Looking back into a past of chaos, corruption and crime, Indonesia has clearly come a long way in reforming its timber sector.
During the 1990s and early 2000s, illegal logging was so widespread that more than 70-80 per cent of timber produced in Indonesia was sourced illegally.
But in 2016, under a Forest Law Enforcement, Governance and Trade (FLEGT) Voluntary Partnership Agreement (VPA) with the European Union, Indonesia became the first country in the world to obtain a FLEGT licence for its timber and wood products exported to the EU – a legally binding trade agreement aiming to tackle illegal logging, improve forest governance and promote trade in legal timber.
In 1999, we and our then-partner Telapak published a report revealing illegal logging operations in two world-renowned national parks, Tanjung Puting and Gunung Leuser. It was the first report to alert the world to the horrendous scale of illegal logging and the corrupt politician behind it. The Indonesian Government responded and designated illegal logging as one of its priority issues and this led to a number of actions which include enforcing log export ban, listing the precious timber ramin in Appendix III of the Convention on International Trade in Endangered Species (CITES), timber industry revitalisation and several bilateral co-operations.
The 2002 UK-Indonesia Memorandum of Understanding to tackle illegal logging and improve forest governance paved the way for the reform process in the timber sector.
But reform isn’t just a matter of new laws, trade agreements and improved enforcement – absolutely vital to the success and credibility of any reform in this sector is the active, impartial and transparent involvement of civil society.
Civil society groups in Indonesia played an important role in driving the multi-stakeholder process to define timber legality and develop a timber legality verification system (SVLK) which later became the basis of the VPA between Indonesia and the EU. The SVLK was the only national mandatory certification scheme to formally recognise the role of civil society independent monitoring in the system.
Civil society’s independent monitoring of SVLK lends credibility to the system as an essential part of the checks and balances. Our partner NGO was instrumental in setting up an independent forestry monitoring network, the Jaringan Pemantau Independen Kehutanan (JPIK) in 2010. Since then, it has been regularly monitoring implementation of SVLK and providing input for the system and policy improvements.
Indonesian civil society is also actively involved in the political process of the VPA as the Indonesian Government agreed to have stakeholders’ representation at the negotiation table. The multi-stakeholder process in the development and implementation of the SVLK, and in the negotiation and implementation of the VPA, has continued to date.
This is not just a matter of window dressing or virtue-signaling – the sustained political will and the engagement of stakeholders have resulted in continuous improvement of the SVLK and relevant forestry policies.
However, many governance challenges persist. Weak enforcement of the regulations as well as poor law enforcement against violations and non-compliances remain the issues continually hampering full reform. The recent case of encroachment and illegal logging in Sebangau National Park, reported by JPIK and ourselves, has still not yet been properly followed through by the Ministry of Environment and Forestry (MoEF).
Another governance challenge remaining within the forestry sector is transparency.

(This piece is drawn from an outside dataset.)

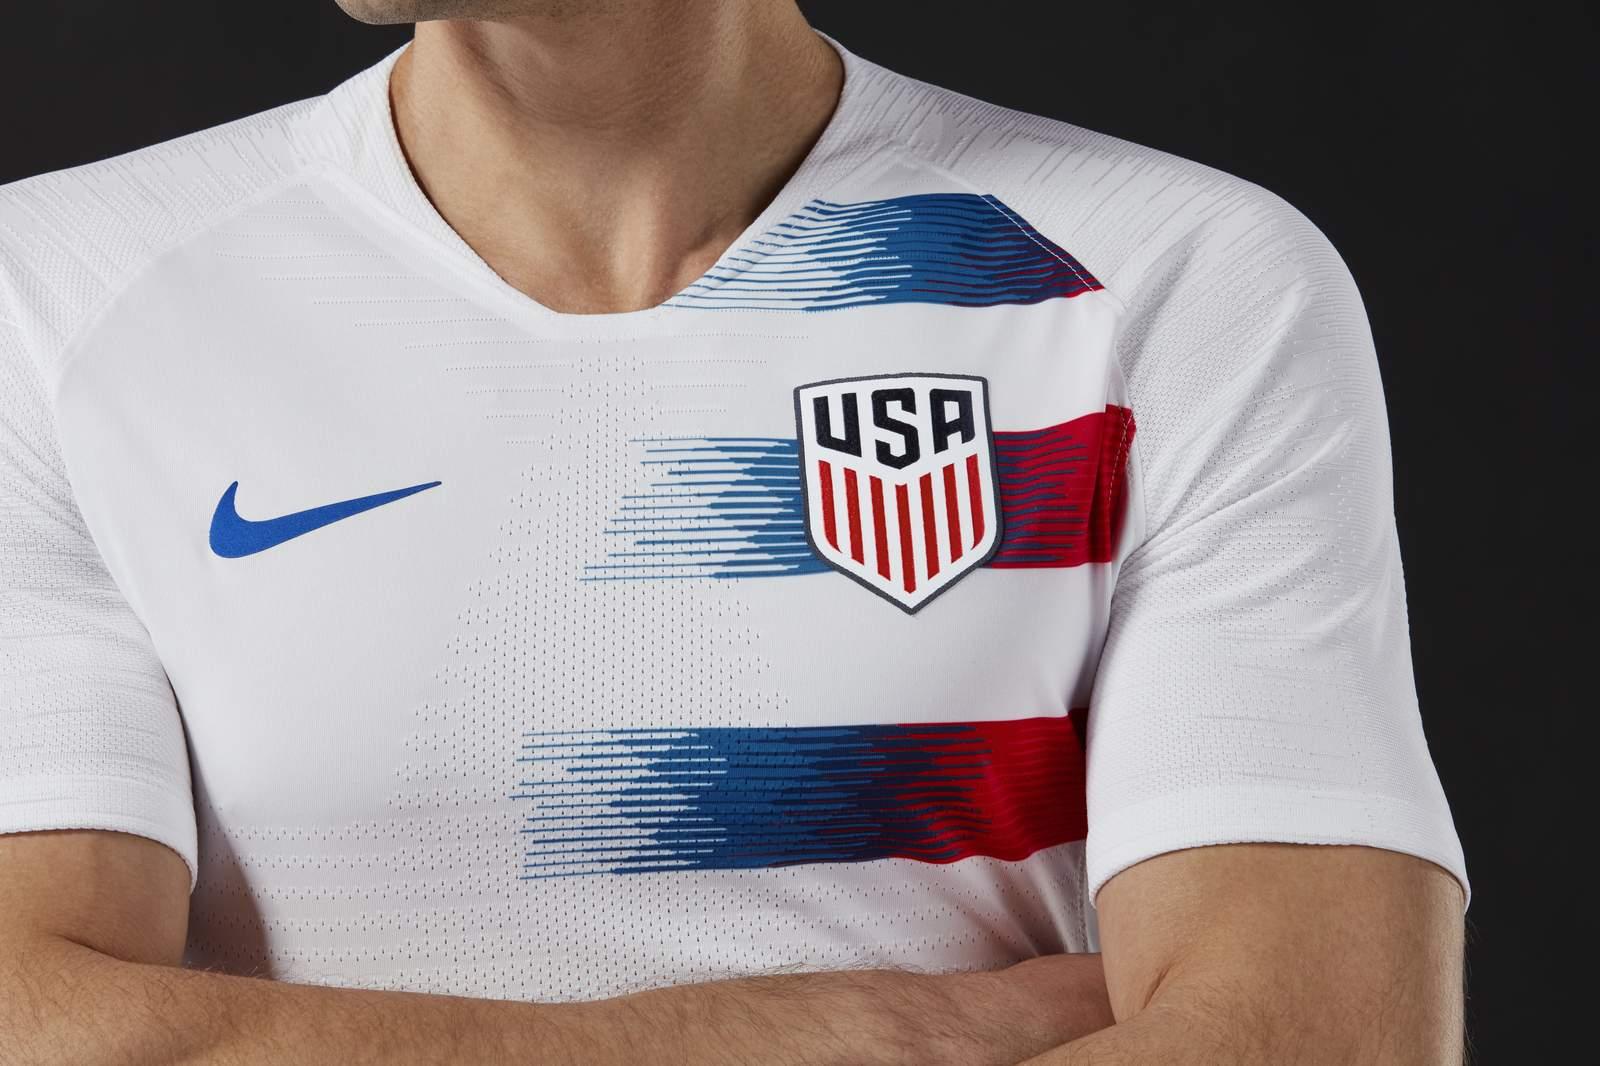 dc89f3cd1 Nike USA 2018 Home Kit Revealed - Footy Headlines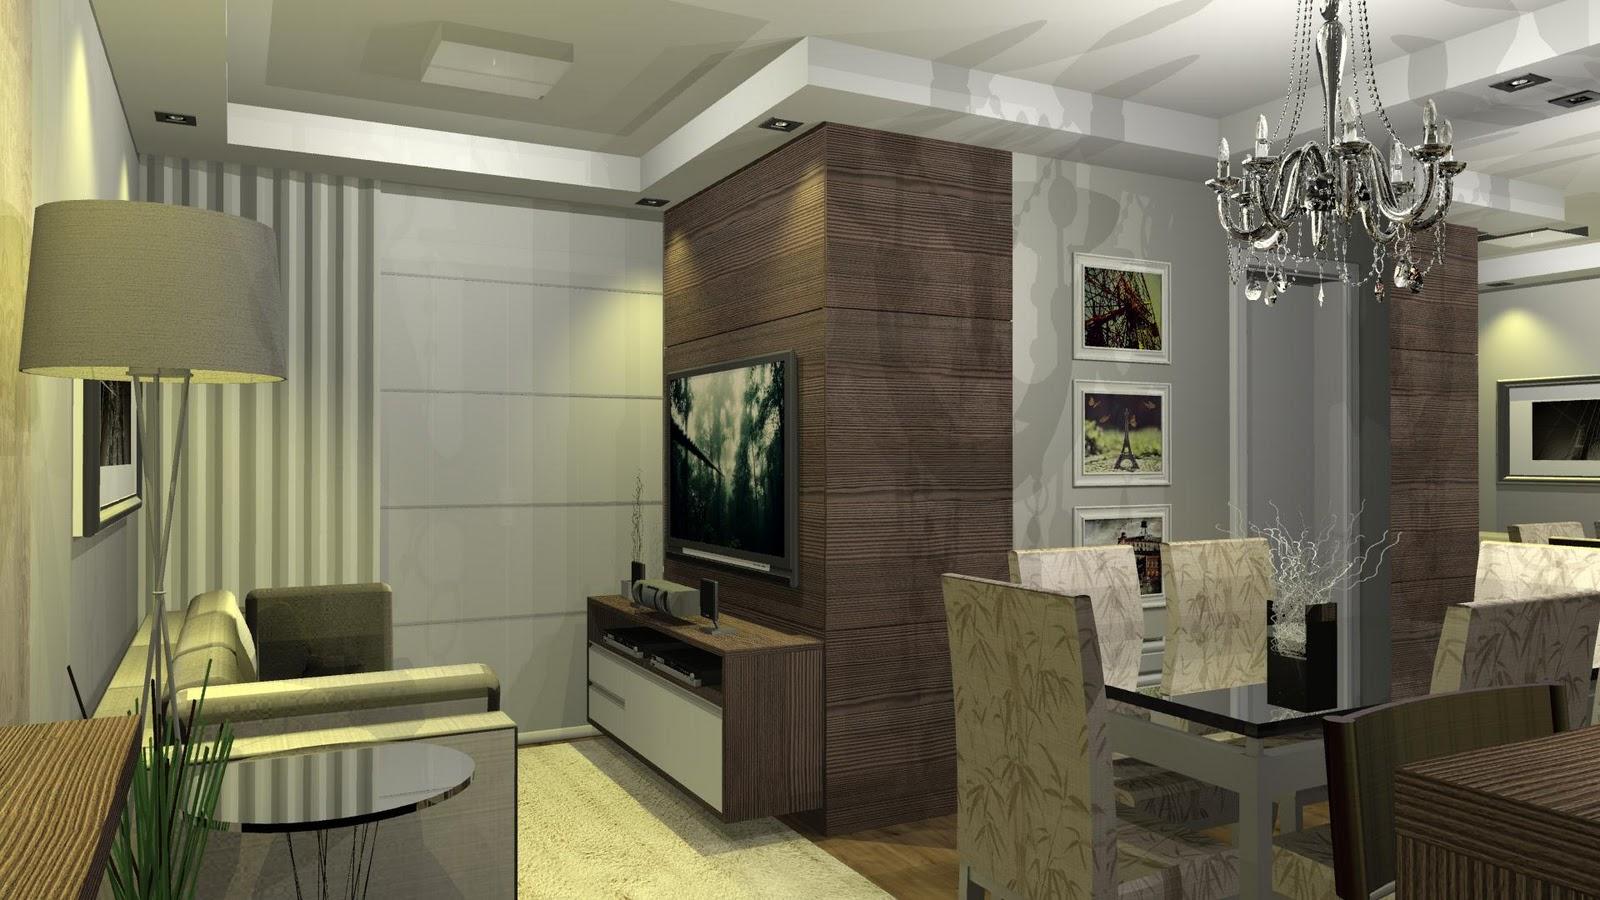 decoracao de ambientes pequenos e integrados : decoracao de ambientes pequenos e integrados:designER Tiago Gelatti: Ambientes Integrados – Pequenos espaços

Civil society monitors have been frustrated when it comes to accessing public information held by ministries and other Government agencies, as highlighted by JPIK in its 2018 annual report. Despite having a Public Information Disclosure Act, our partner Forest Watch Indonesia had to drag the MoEF to the court of the Central Information Commission to get access to baseline forestry information needed by the monitor to properly carry out its function.
This case took three years, including an appeal by MoEF to the Jakarta State Administration Court, before it was ruled that the information requested by FWI was indeed public information and must be disclosed, which the MoEF subsequently did. An improved ministerial regulation regarding the public information service within the MoEF was issued in June 2018.
Apart from timber, several other policy reform initiatives in the forest have taken place, such as the extension of a permit moratorium in the primary forest and peatland, fire prevention and restoration of peatland and land reform through social forestry. Indonesian civil society has also been actively engaged with these initiatives, establishing an independent monitoring platform on peatland restoration while many civil society organisations are serving as community facilitators in the social forestry movement.
The lessons from the forestry sector during the past two decades should be used to advance change in other sectors, particularly the palm oil sector which has already been identified as a significant threat to Indonesia’s remaining forests, more so if the expansion of palm oil plantations continue uncontrolled; unfortunately, the current on-going initiative to reform the national sustainable palm oil certification scheme (ISPO) falls short of expectation.
Due to pressure from Indonesian civil society, the issuance of a presidential regulation on ISPO is currently on halt and the President of Indonesia, Joko Widodo, issued a presidential instruction on a moratorium and review of palm oil permits that will last for three years.
This move by the Government has been widely appreciated by civil society as it will provide a temporary break needed to evaluate existing conditions and formulate a concrete roadmap to reform the palm oil sector in synergy with other initiatives in other sectors.
However, without an open, transparent process and participation of stakeholders – including civil society and community – the policy will only be good on paper.